Key distribution—Encryption is often used to protect information that is shared among multiple users. Everyone who is to share the information must have the decryption key. However, distributing the key to these individuals means multiple machines can decrypt messages. This creates a vulnerability.
These two problems with encryption don't help just hackers. Forensic specialists can also take advantage of them. For example, a forensic specialist who has the appropriate legal authorization could plant a sniffer and covertly collect any needed passwords. In addition, the forensic specialist could retrieve a key from any of the individuals sharing encrypted information.
Your PDA contains a lot of personal information. The more you use your PDA, the greater the chance that a thief could extract data that accurately reflects and tells a story about you.
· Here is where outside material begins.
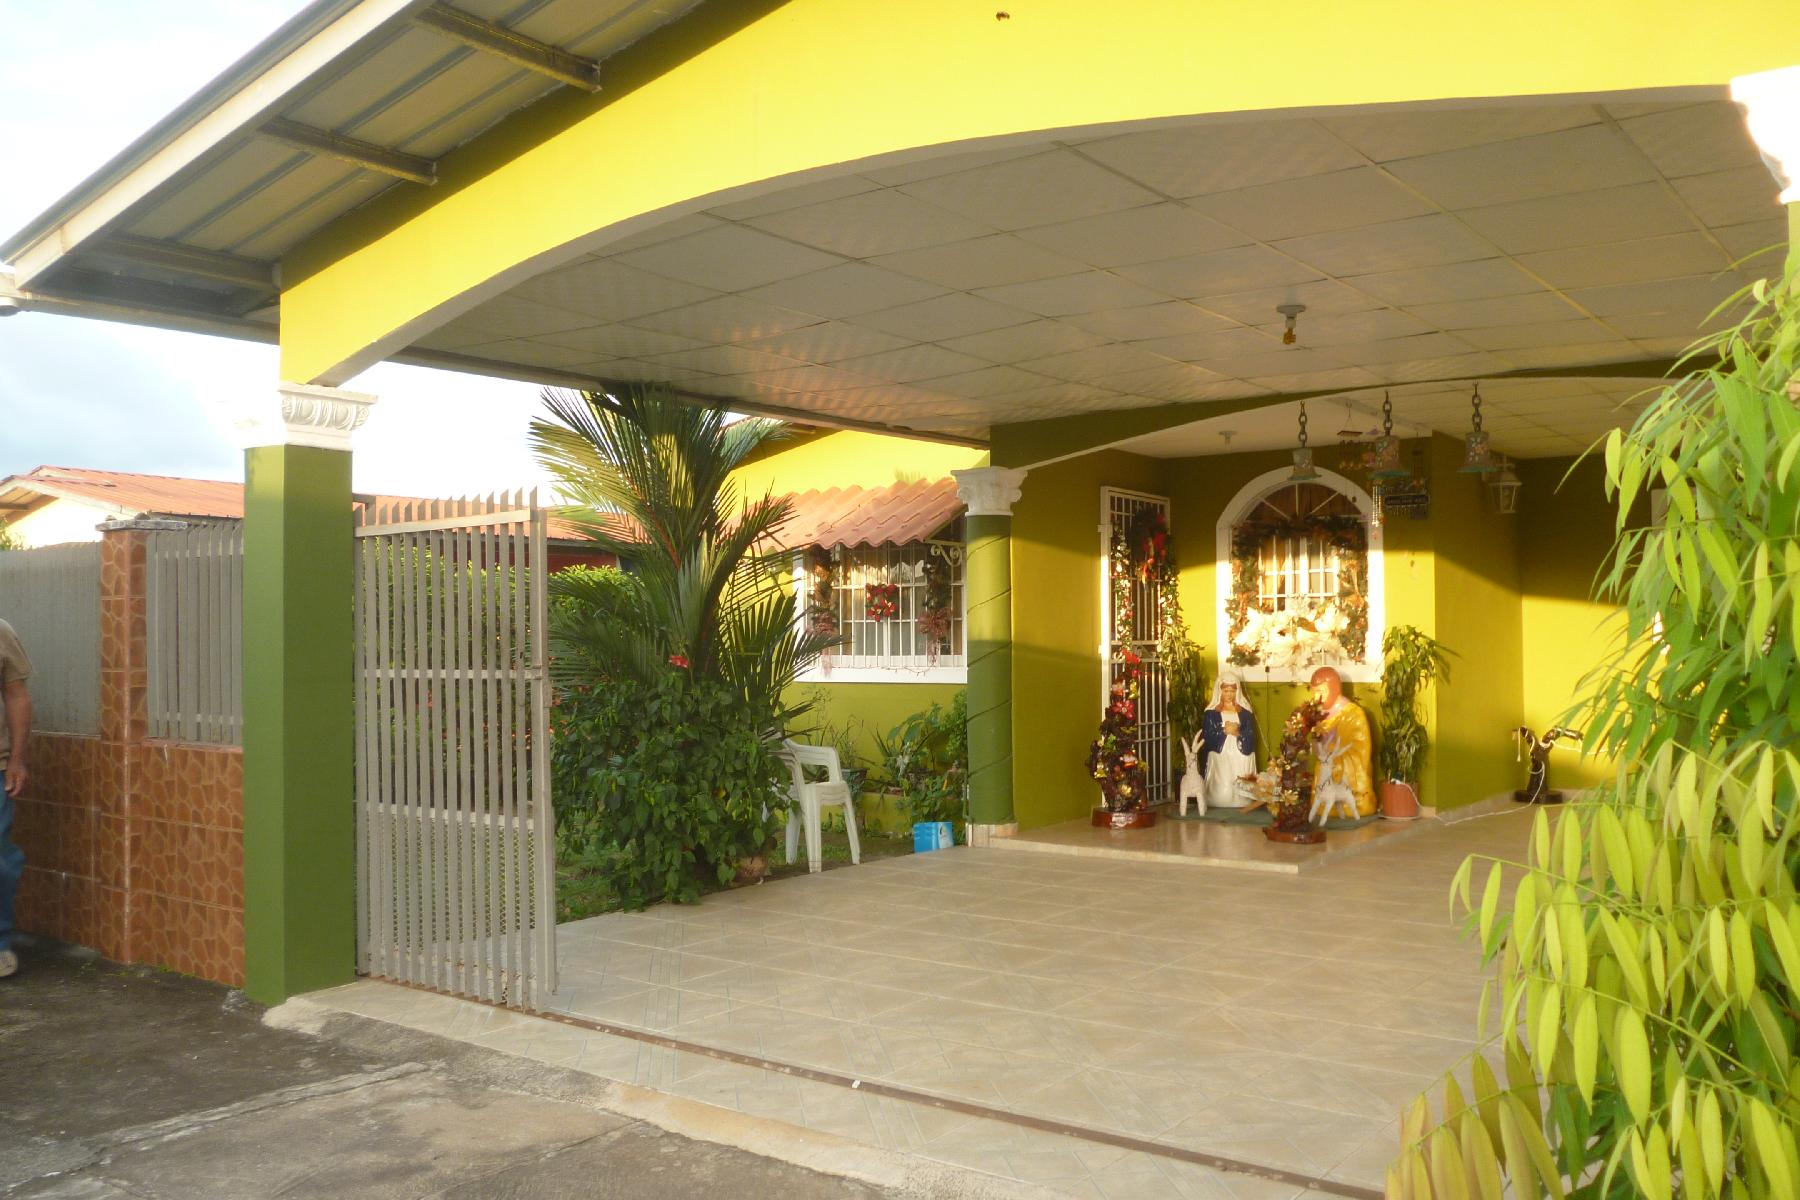 CHIRIQUI DAVID VILLA MERCEDES HOUSE

Recognizing the potential vulnerabilities of PDAs, government and major commercial organizations generally require that all PDAs use encrypted storage and transmissions. Protecting PDA data from thieves and attackers, however, also poses obstacles for forensic specialists.
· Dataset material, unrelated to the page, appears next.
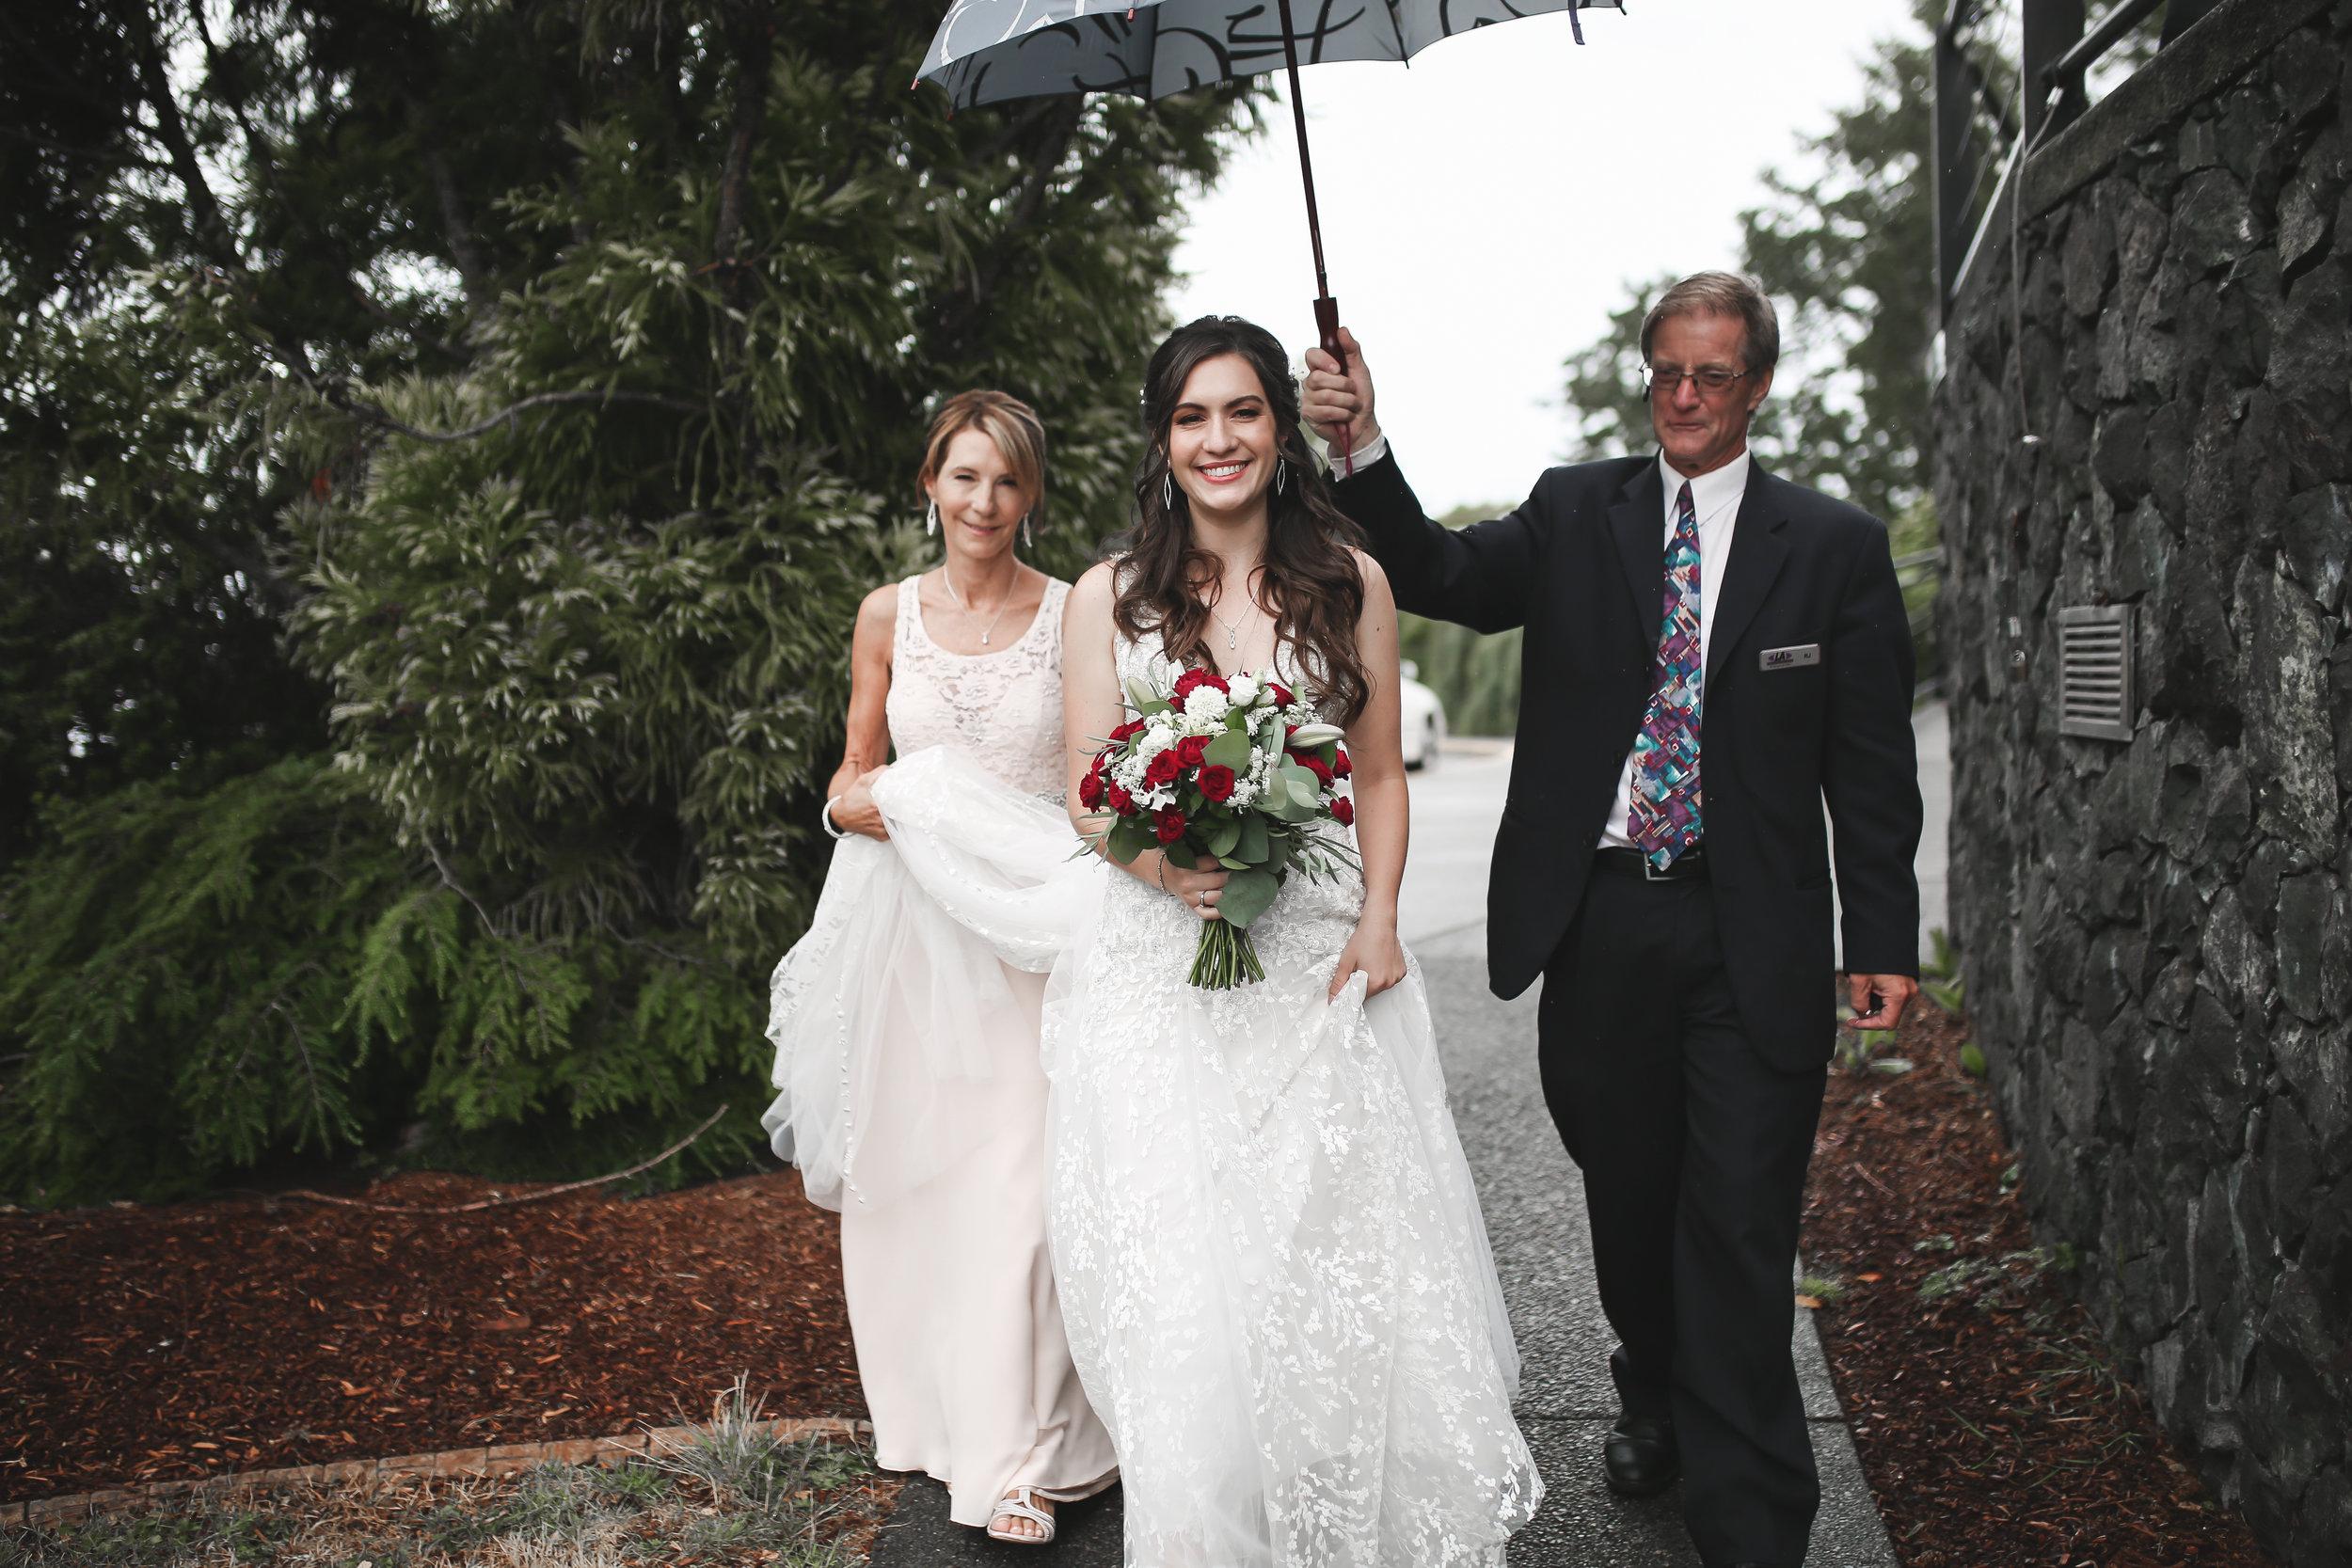 70 Adam Ziorio Photography - Allison & Austin's Wedding.jpg

Most forensic acquisitions focus on performing a bit-by-bit copy of the original media. They then compare the unique cryptographic signatures of the original and the copy to ensure that they match. This process is well established in traditional hard drive-based computer forensics. Hard drives can be removed, and many computers can start in special read-only forensic environments. However, the process for mobile forensic devices is quite challenging. With mobile devices such as smartphones, the primary memory is typically not removable. In addition, mobile devices have limited operating systems and cannot boot into a forensic environment. To perform forensics on mobile devices, forensic specialists make both logical and bit-by-bit copies. They read data from removed memory cards as well as subscriber identity module (SIM) cards.
Note
The top three tools for forensics on wireless devices are Cellebrite's UFED, Paraben's Device Seizure, and the Zdziarski technique. These tools are discussed later in this chapter.
The following sections look, in particular, at forensics for Apple iPhones and BlackBerry smartphones.
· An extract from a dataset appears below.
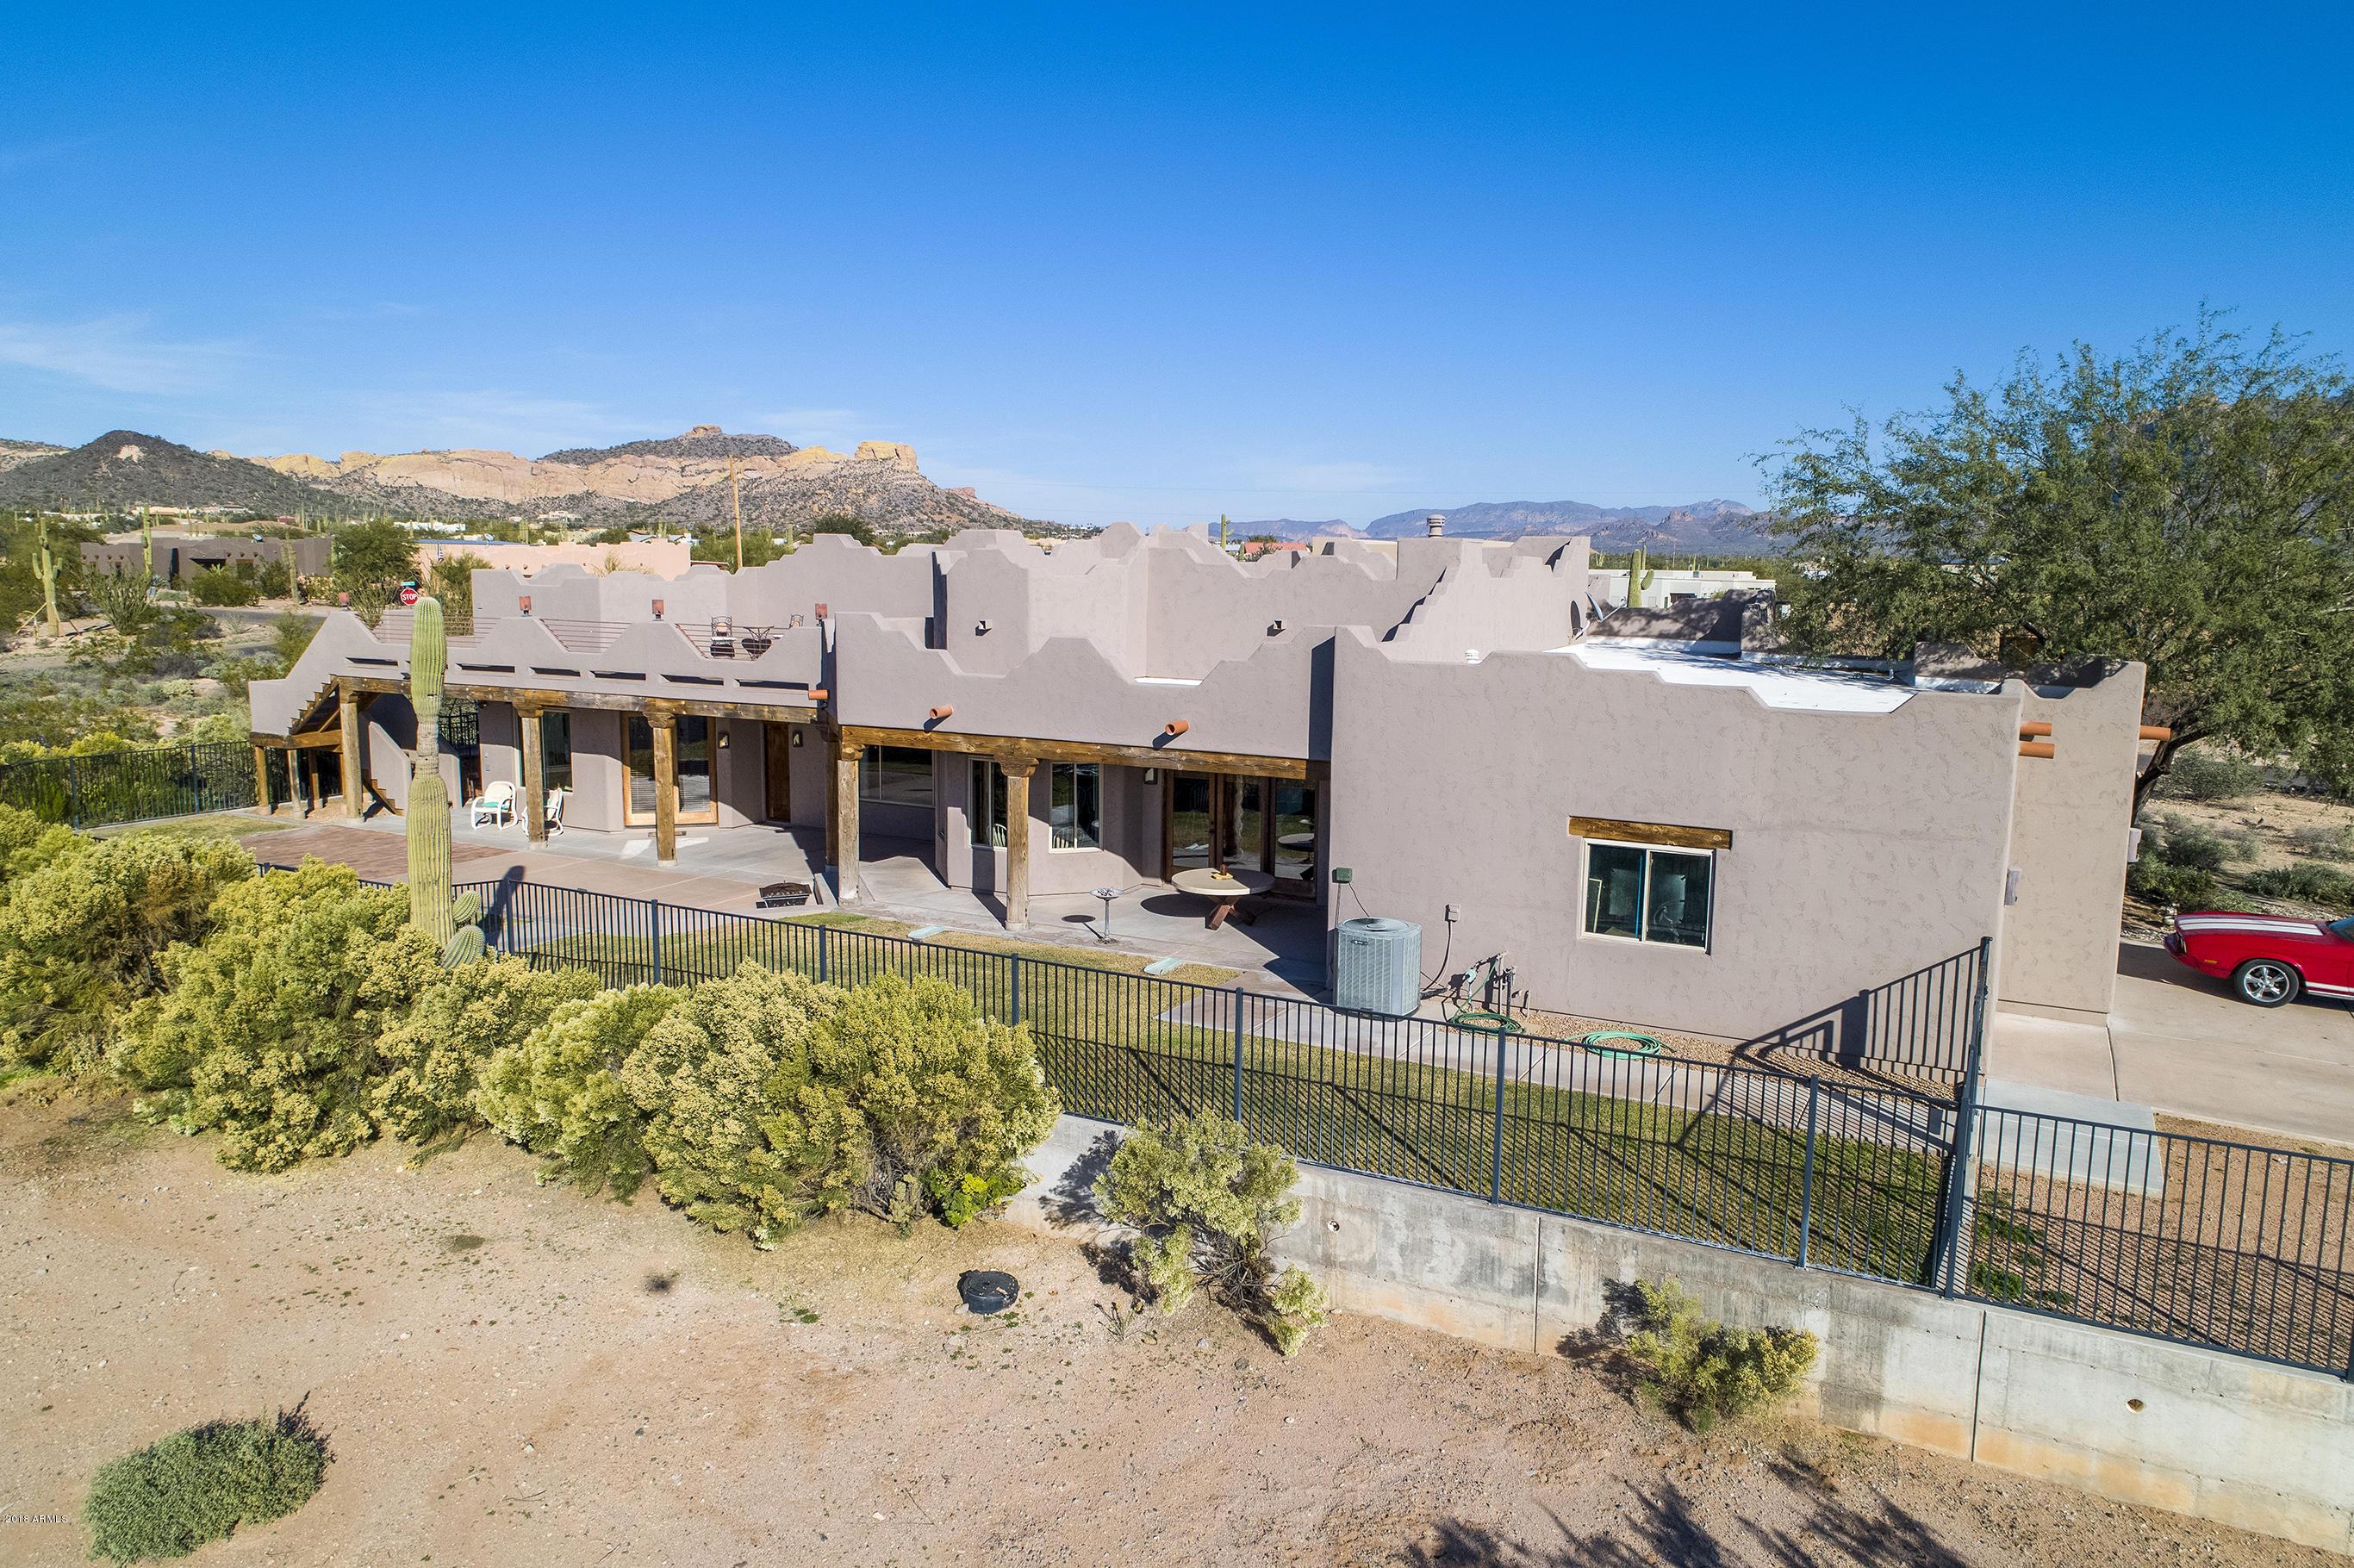 MLS 5849151 4150 N CACTUS Road, Apache Junction, AZ 85119 Apache Junction AZ Four Bedroom

Apple introduced the iPhone in 2007. Since then, the iPhone has become the most commonly used smartphone. Therefore, the iPhone can be expected to play a role in many system forensics cases. The active iPhone hacking community has yielded research and tools that support forensic investigations.
Tip
Anyone performing forensic analysis on an iPhone should download the iPhone software development kit (SDK). The SDK is free to download after registration.
According to Andrew Hoog and Kyle Gaffaney in their iPhone Forensics white paper, an investigator can use several approaches to acquire and analyze information from iPhones. As with any other forensic investigation, with iPhone forensics, it's important not to modify the source information in any manner. If it is impossible to eliminate all modifications, an investigator must detail the changes and the reasons they were necessary.
Investigators use the following techniques in iPhone forensics:
Acquire data directly from the iPhone—An iPhone's data is automatically updated as necessary to ensure that information on the iPhone and on a particular computer is the same. When possible, an investigator should recover files from a suspect iPhone rather than from the computer with which the iPhone was synchronized. A forensic analyst must understand how the iPhone was acquired and whether the iPhone is modified in any way. For example, iPhones are often "unlocked" to permit their use on multiple networks.
Acquire a backup or logical copy of the iPhone file system, using Apple's protocol—The investigator should read files from the suspect iPhone using Apple's synchronization protocol. By querying the databases directly, an investigator can generally recover more information, such as deleted text messages and e-mail messages.
Make a physical bit-by-bit copy—An investigator should create a physical, bit-by-bit, copy of the file system. This process is similar to the approach taken in PC forensic investigations. Using this approach, an investigator can recover a great deal of data, including deleted files. However, the process is complicated and requires that the investigator modify the system partition of the iPhone.
Note
One key consideration for an iPhone forensic tool is how it handles an iPhone that has a pass code set. Different products have different strategies for this situation, each with benefits and drawbacks.
As with other devices, on a BlackBerry, deletion doesn't totally remove data from the device. However, the BlackBerry's always-on, wireless push technology adds a unique dimension to forensic examination. Changing and updating data does not require desktop synchronization.
Michael W. Burnette, in Forensic Examination of a RIM (BlackBerry) Wireless Device, detailed several data-collection techniques. To collect evidence from a BlackBerry, a forensic specialist's examination includes the following processes:
Gathering logs—Unlike with a PC, with a smartphone, an investigator begins by accessing logs on the original unit. The investigator doesn't access the logs via the standard user interface. Rather, the investigator reviews them using hidden control functions. After examining the logs, the specialist applies the programmer's SDK.
Imaging and profiling—A system forensics specialist often must create a bit-by-bit backup image. An investigator does this by using an SDK utility that dumps the contents of the flash RAM into a file. The investigator can then easily examine this file by using a hex editor. The program loader is used to perform most of the inspection and to take the image. Each time the program loader is run, it causes a reset. A reset can cause a file system cleanup. Therefore, in inspecting a BlackBerry, a forensic specialist risks changing the file system and spoiling the data.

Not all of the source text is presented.